最稳的定位不是“我已经是 NVIDIA AI networking expert”，而是：

我是 systems/performance/AI infra 背景的工程师，强项是系统架构、性能定位、诊断工具、生产路径优化、AI inference 集成和通信路径分析。对这个岗位，我最相关的是把 AI inference workload、GPU profiling、communication/data movement、prototype validation 连接起来。NIXL/UCX/GPUNetIO 是我正在补深的 NVIDIA-specific stack，我会用明确的 data path、benchmark 和 debug checklist 来降低 ramp-up 风险。

5. 最重要的匹配图

flowchart LR
    JD1[JD: AI inference/model serving] --> CV1[CV: LLM inference / KV cache / batching]
    JD2[JD: data movement / NIXL] --> CV2[CV: communication-path diagnosis / runtime awareness]
    JD3[JD: UCX / GPUNetIO / GPU networking] --> CV3[CV: networking / backpressure / Linux systems]
    JD4[JD: NCCL / parallelism] --> CV4[CV: distributed AI concepts / performance diagnosis]
    JD5[JD: CUDA / profiling] --> CV5[CV: Vulkan/WebGPU/Nsight/RenderDoc]
    JD6[JD: architecture/prototype] --> CV6[CV: Staff/Architect / prototype / roadmap]

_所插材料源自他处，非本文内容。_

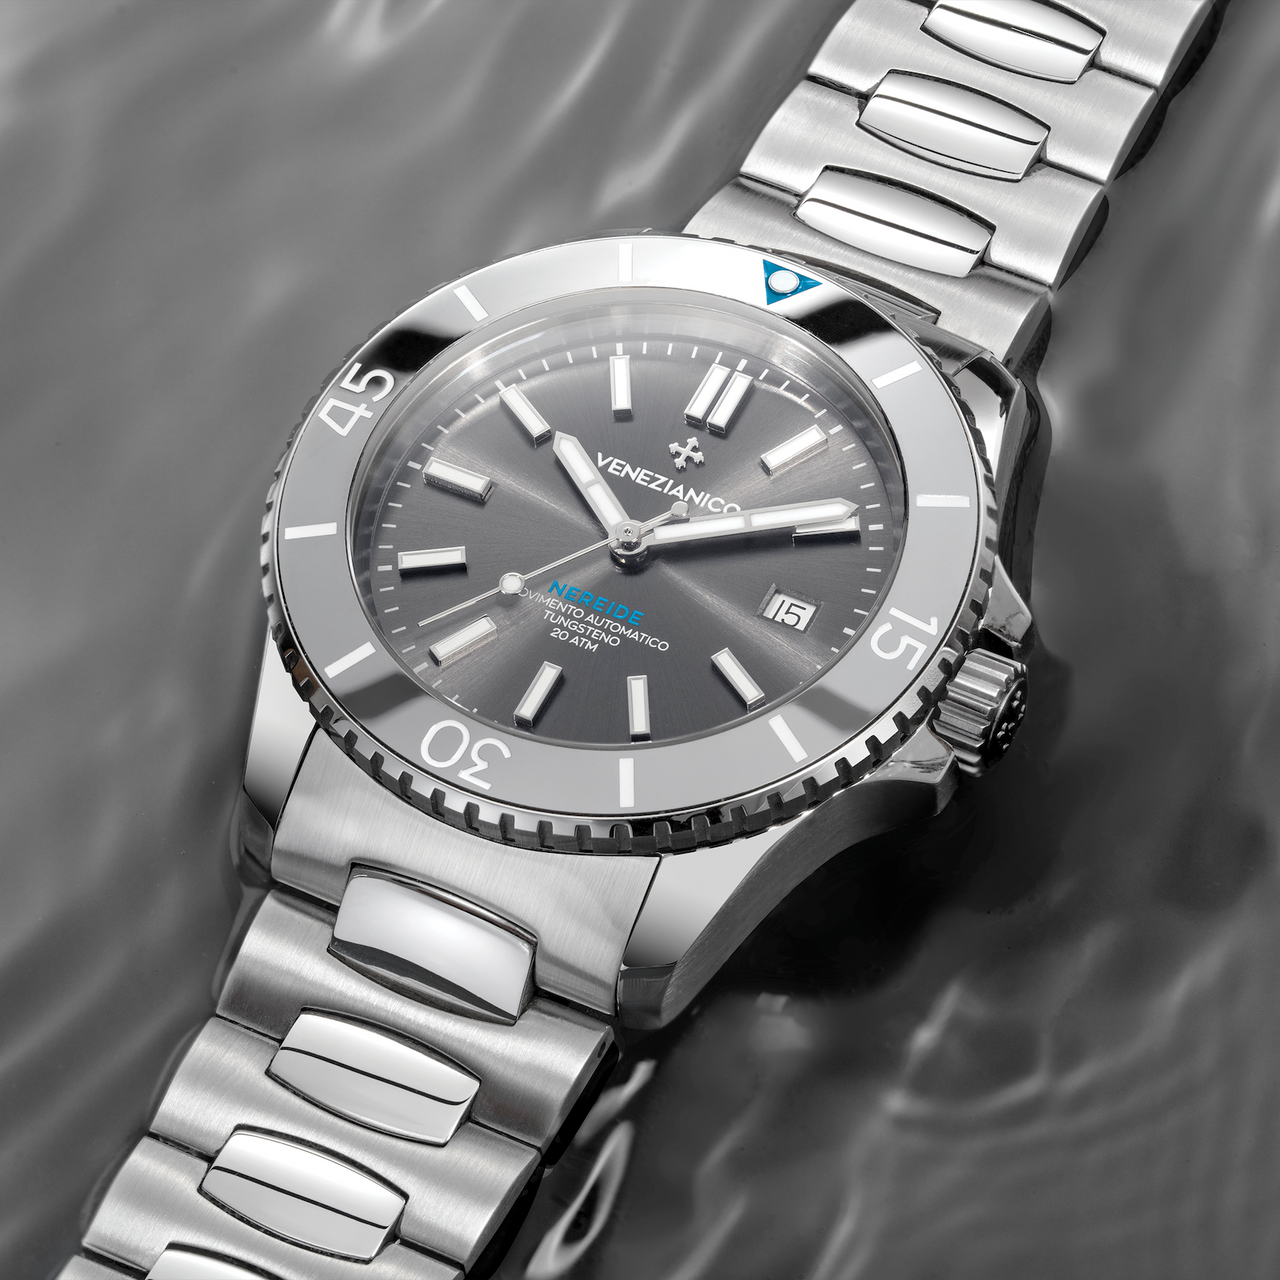 Venezianico Automatic Watch Nereide Tungsteno 4521502C

    CV1 --> Gap1[Need: deeper runtime language]
    CV2 --> Gap2[Need: NIXL lifecycle and KV movement]
    CV3 --> Gap3[Need: UCX/RDMA/GPUDirect/GPUNetIO boundary]
    CV4 --> Gap4[Need: collective semantics and benchmarks]
    CV5 --> Gap5[Need: CUDA-specific experiments]
    CV6 --> Strength[Strong: architecture interview advantage]

6. 面试优先级

优先级	主题	原因
P0	AI inference/model serving	JD 核心，CV 强匹配，最容易展开项目。
P0	CUDA/Nsight/GPU performance	JD 明确要求 profiling/GPU programming。
P0	NCCL/parallelism	AI networking 必问，且和 training/inference 都相关。
P0	UCX/RDMA/GPUDirect	GPU networking 底层路径，容易深挖。
P1	NIXL/Dynamo	JD 点名，必须会讲用途和边界。
P1	GPUNetIO	JD 点名，但可讲概念和使用场景。
P1	CV 项目深挖	面试官大概率让你讲项目。
P2	GR00T/Physical AI	加分项，不是主线。